You are viewing a plain text version of this content. The canonical link for it is here.
Posted to dev@mesos.apache.org by Vinod Kone <vi...@gmail.com> on 2014/10/01 20:41:20 UTC

Re: Review Request 23912: Fix MESOS-947: Slave should properly handle a killTask() that arrives between runTask() and _runTask()

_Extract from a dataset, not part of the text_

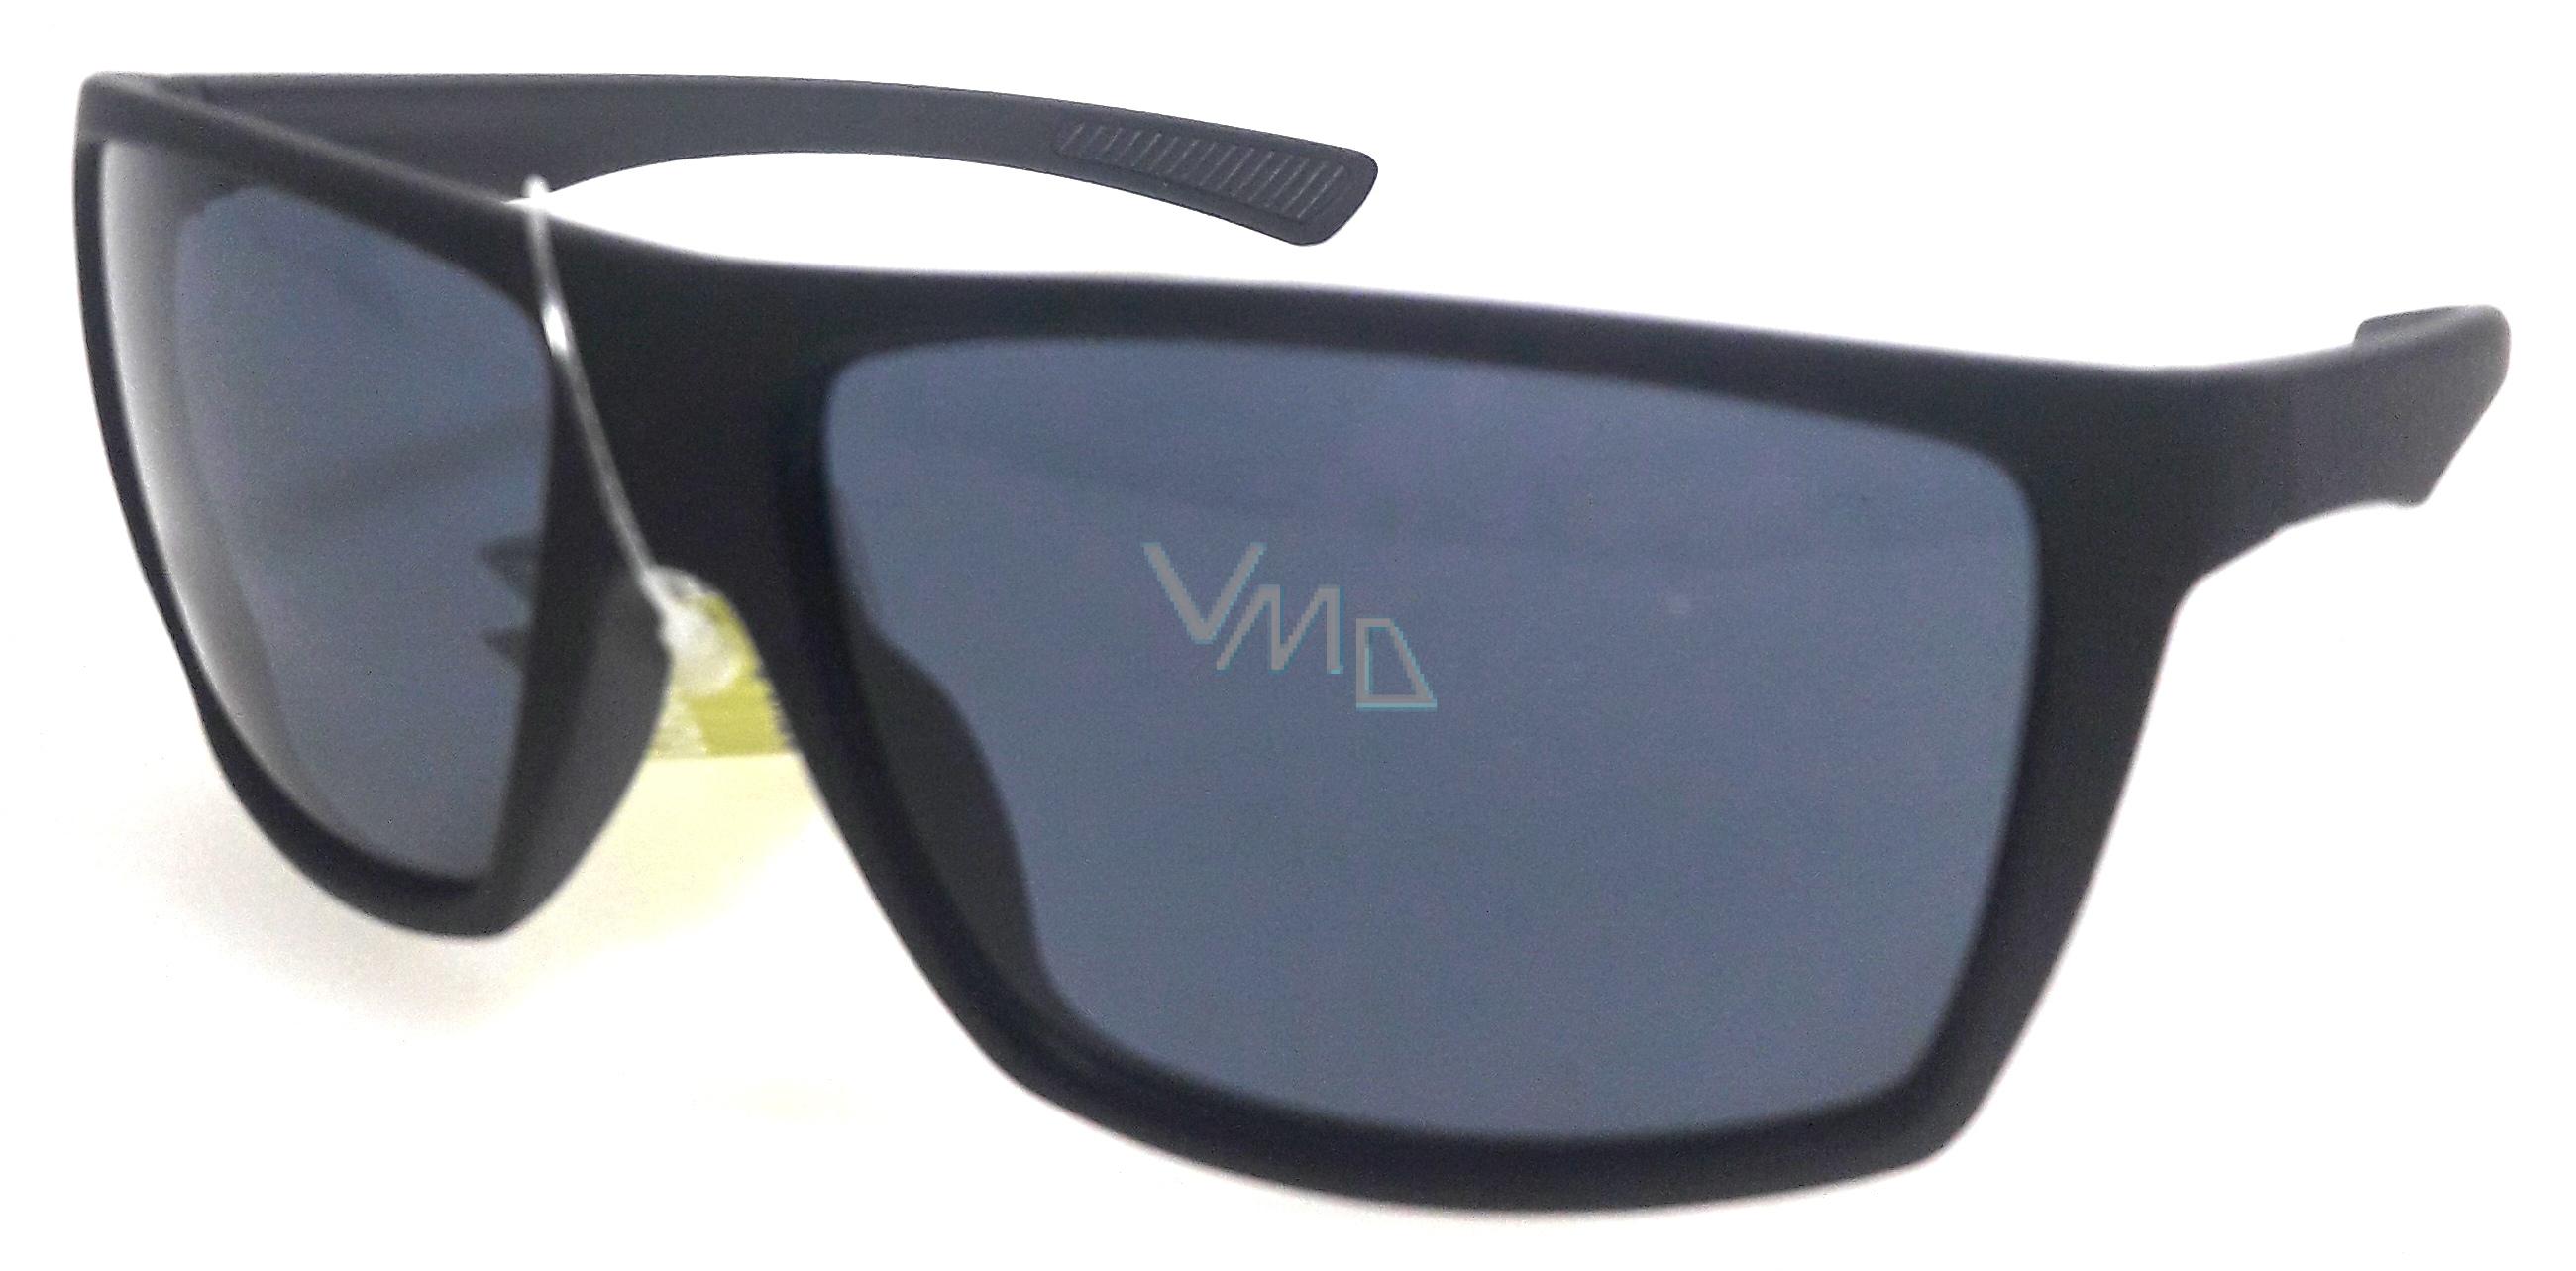 d61d366d2 Slnečné okuliare AZ Sport 9140 - VMD drogerie

-----------------------------------------------------------
This is an automatically generated e-mail. To reply, visit:
https://reviews.apache.org/r/23912/#review55092
-----------------------------------------------------------



src/slave/slave.cpp
<https://reviews.apache.org/r/23912/#comment95455>

    Indentation of "<<".



src/slave/slave.cpp
<https://reviews.apache.org/r/23912/#comment95469>

    See my comment for this section of code in earlier review. AFAICT, it's not addressed.



src/tests/slave_tests.cpp
<https://reviews.apache.org/r/23912/#comment95457>

    s/whenToKill/_runTask/
    
    that way it's immediately apparent for someone reading line #1080 what this future represents.



src/tests/slave_tests.cpp
<https://reviews.apache.org/r/23912/#comment95459>

    We format DoAll like this.
    
    DoAll(arg1,
          arg2,
          arg3)



src/tests/slave_tests.cpp
<https://reviews.apache.org/r/23912/#comment95467>

    s/killed/killTask/



src/tests/slave_tests.cpp
<https://reviews.apache.org/r/23912/#comment95460>

    ditto. formatting.
    
    also, this expectation should be set after driver.launchTasks().


- Vinod Kone


On Sept. 18, 2014, 1:47 a.m., Bernd Mathiske wrote:
> 
> -----------------------------------------------------------
> This is an automatically generated e-mail. To reply, visit:
> https://reviews.apache.org/r/23912/
> -----------------------------------------------------------
> 
> (Updated Sept. 18, 2014, 1:47 a.m.)
> 
> 
> Review request for mesos.
> 
> 
> Bugs: MESOS-947
>     https://issues.apache.org/jira/browse/MESOS-947
> 
> 
> Repository: mesos-git
> 
> 
> Description
> -------
> 
> Fixes MESOS-947 "Slave should properly handle a killTask() that arrives between runTask() and _runTask()".
> 
> Slave::killTask() did not check for task in question combination to be "pending" (i.e. Slave::runTask had happened, but Slave::_runTask had not yet) and then erroneously assumed that Slave::runTask() had not been executed. The task was then marked "LOST" instead of "KILLED". But Slave::runTask had already scheduled Slave::_runTask to follow. Now the entry for being "pending" is removed, and the task is marked "KILLED", and _runTask gets informed about this. It checks whether the task in question is currently "pending" and if it is not, then it infers that the task has been killed and does not erroneously try to complete launching it.
> 
> 
> Diffs
> -----
> 
>   src/slave/slave.hpp 4f3df5c49a8cf72fc7153158c9eb045196b6cf13 
>   src/slave/slave.cpp 28eb02852ddcc10efe589a8069dba9c895bc160e 
>   src/tests/mesos.hpp 957e2233cc11c438fd80d3b6d1907a1223093104 
>   src/tests/mesos.cpp 3dcb2acd5ad4ab5e3a7b4fe524ee077558112773 
>   src/tests/slave_tests.cpp 69be28f6e82b99e23424bd2be8294f715d8040d4 
> 
> Diff: https://reviews.apache.org/r/23912/diff/
> 
> 
> Testing
> -------
> 
> Wrote a unit test that reliably created the situation described in the ticket. Observed that TASK_LOST and the listed log output occurred. This pointed directly to the lines in killTask() where the problem is rooted. Ran the test after fixing, it succeeded. Checked the log. It looks like a "clean kill" now :-)
> 
> 
> Thanks,
> 
> Bernd Mathiske
> 
>